Many patients experience acute short-term hypothyroid symptoms induced by THW, which significantly decrease their quality of life (Lim et al. 2015). Thyrogen, a rhTSH, was introduced in 1999 to elevate TSH levels without requiring THW (Haugen et al. 1999, Pacini et al. 2006). It is administered via buttock injection for two consecutive days. Thyrogen is used in DTC for diagnosis and thyroid remnant ablation; however, it is not approved for distant metastases (Haugen et al. 2016, Pacini et al. 2022). Thyrogen stimulates lower thyroglobulin levels than THW and may not maximize short-term iodine uptake, potentially reducing efficacy (Haugen et al. 1999, Kowalska et al. 2015). Recent studies have shown that in patients with distant metastases, there were no significant differences in the disease control rate between the rhTSH group and the THW group; however, the evidence remains insufficient (Simoes-Pereira et al. 2021, Park et al. 2024). Due to its short half-life, requiring a multidose regimen, and its potential inability to adequately stimulate thyroid cancer cells, there is a need for the development of long-acting TSH formulations (Park et al. 2013). These may significantly enhance treatment efficacy, improve patient convenience and provider flexibility and advance treatment and diagnosis.

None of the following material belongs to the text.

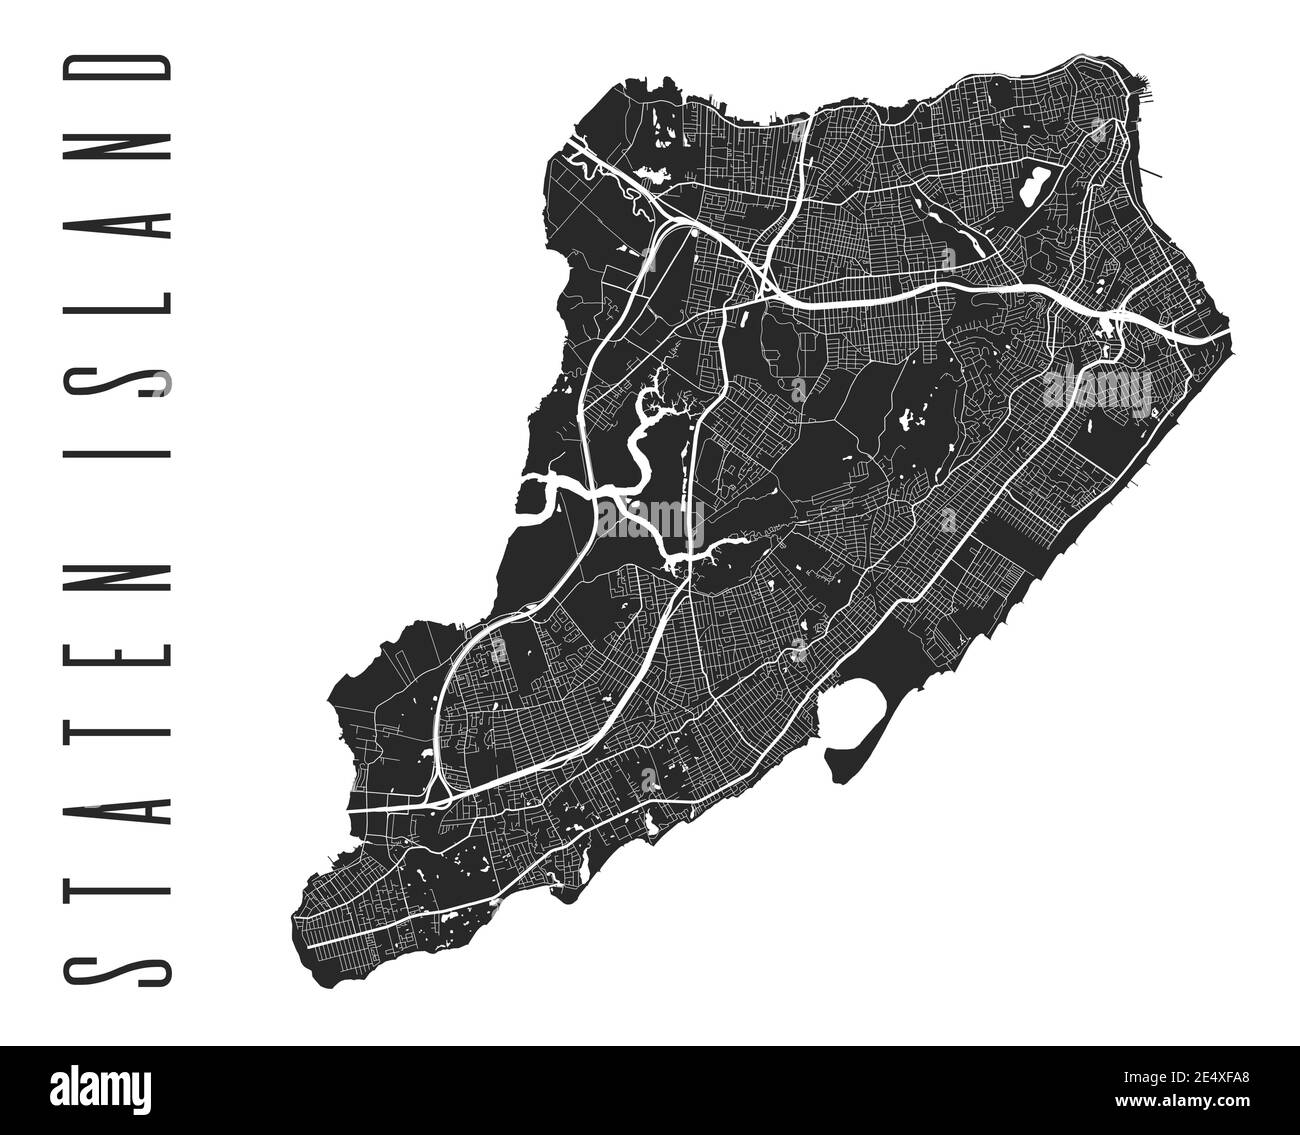 Poster della mappa dell'isola di Staten. Mappa stradale di New York City borough. Paesaggio urbano aria panorama silhouette vista aerea, stile tipografico. San Giorgio, Tompkinsville Illustrazione Vettoriale

Anti-serum albumin Fab-associated (SAFA) technology extends the serum half-life of protein therapeutics and utilizes human anti-serum albumin Fab to achieve a prolonged kinetic profile through the neonatal Fc receptor recycling mechanism (Kang et al. 2016, Kang et al. 2017, Cho et al. 2020). Using this technology, long-acting versions of recombinant human interferon beta, feline granulocyte colony-stimulating factor, human follicle-stimulating hormone and human IL-18BP have been developed (Ji et al. 2019, Chi et al. 2021, Jang et al. 2023, Kim et al. 2023). In the phase 1 trial of APB-R3 (SAFA-IL-18BP) (NCT05715736), the drug’s mean elimination half-life ranged from 222.28 to 342.28 h, and its mean residence time (MRT) ranged from 318.48 to 402.89 h. Importantly, it was found to be safe and well-tolerated. These findings underscore the potential of SAFA technology as a long-acting therapeutic option in clinical scenarios.

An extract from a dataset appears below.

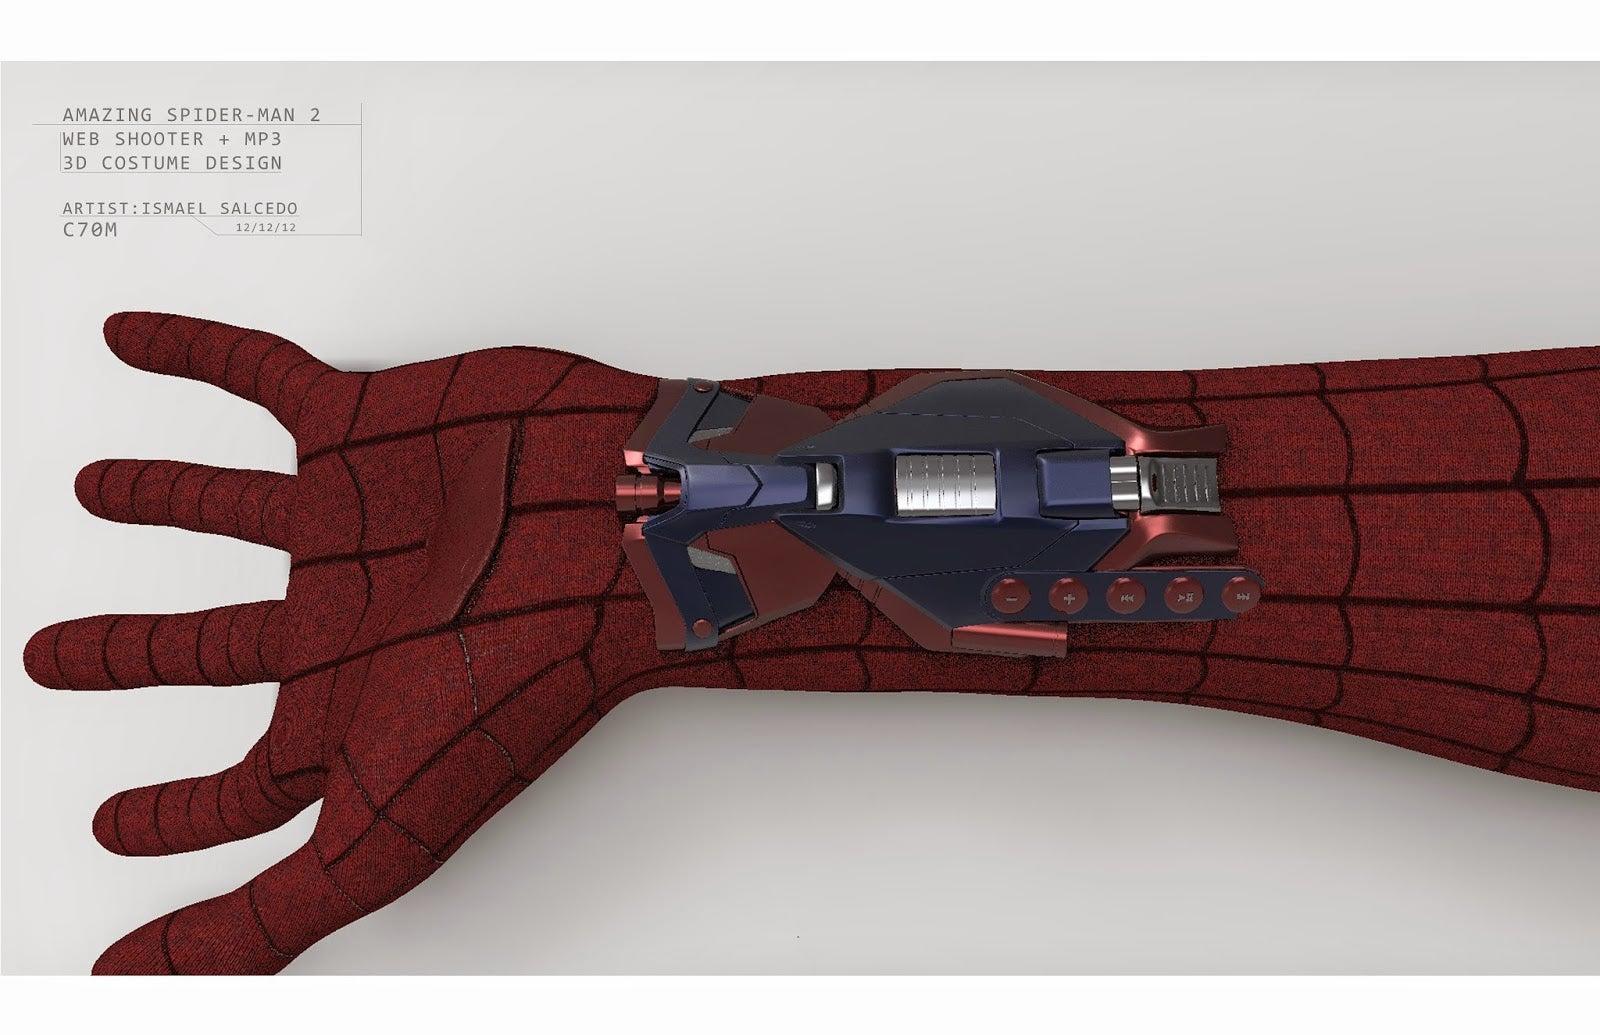 Amazing Spider-Man 2 Unused Web Shooters Revealed

Therefore, this study aimed to develop a new long-acting rhTSH using SAFA technology to validate its biological activity through in vitro assays, pharmacokinetic (PK) studies in healthy mice and pharmacodynamics (PD) studies in a TSH-suppressed mouse model.
Materials and methods
SAFA-TSH production
SAFA-TSH was produced by chinese hamster ovary (CHO) glutamine synthetase null−/− K1 cell (Horizon Discovery, UK) and purified as per previously established methods by AprilBio Co., Ltd (Republic of Korea) (Ji et al. 2019, Kim et al. 2023). SAFA-TSH v1 (SAFA heavy-chain – TSH beta subunit and SAFA light-chain – TSH alpha subunit) and SAFA-TSH v2 (SAFA heavy-chain – TSH alpha subunit and SAFA light-chain – TSH beta subunit) were created and evaluated for expression efficiency. SAFA-TSH with ≥95% purity was used for all experiments.
Cell culture
The human normal thyroid epithelial cell line Nthy-ori 3-1 was purchased from the European Collection of Cell Culture (ECACC, UK). Cells were cultured in RPMI-1640 medium (Gibco, Thermo Fisher Scientific, USA), supplemented with 10% fetal bovine serum (HyClone, USA) and 1% penicillin/streptomycin (Hyclone) in a humidified atmosphere of 5% carbon dioxide and 95% air at 37°C.
Stable cell line generation
First, the human TSH receptor (TSHR) gene was inserted into the lentiviral vector pLECE3-green fluorescent protein (GFP) to generate pLECE3-hTSHR-GFP. Lentiviral particles were generated and purified for infection of Nthy-ori 3-1 cells. Next, GFP-positive single cells were sorted into a 96-well plate, as previously described (Kim et al. 2023). Through the expansion of single-cell clones and functional assays, the most promising cell clones were selected for further experiments.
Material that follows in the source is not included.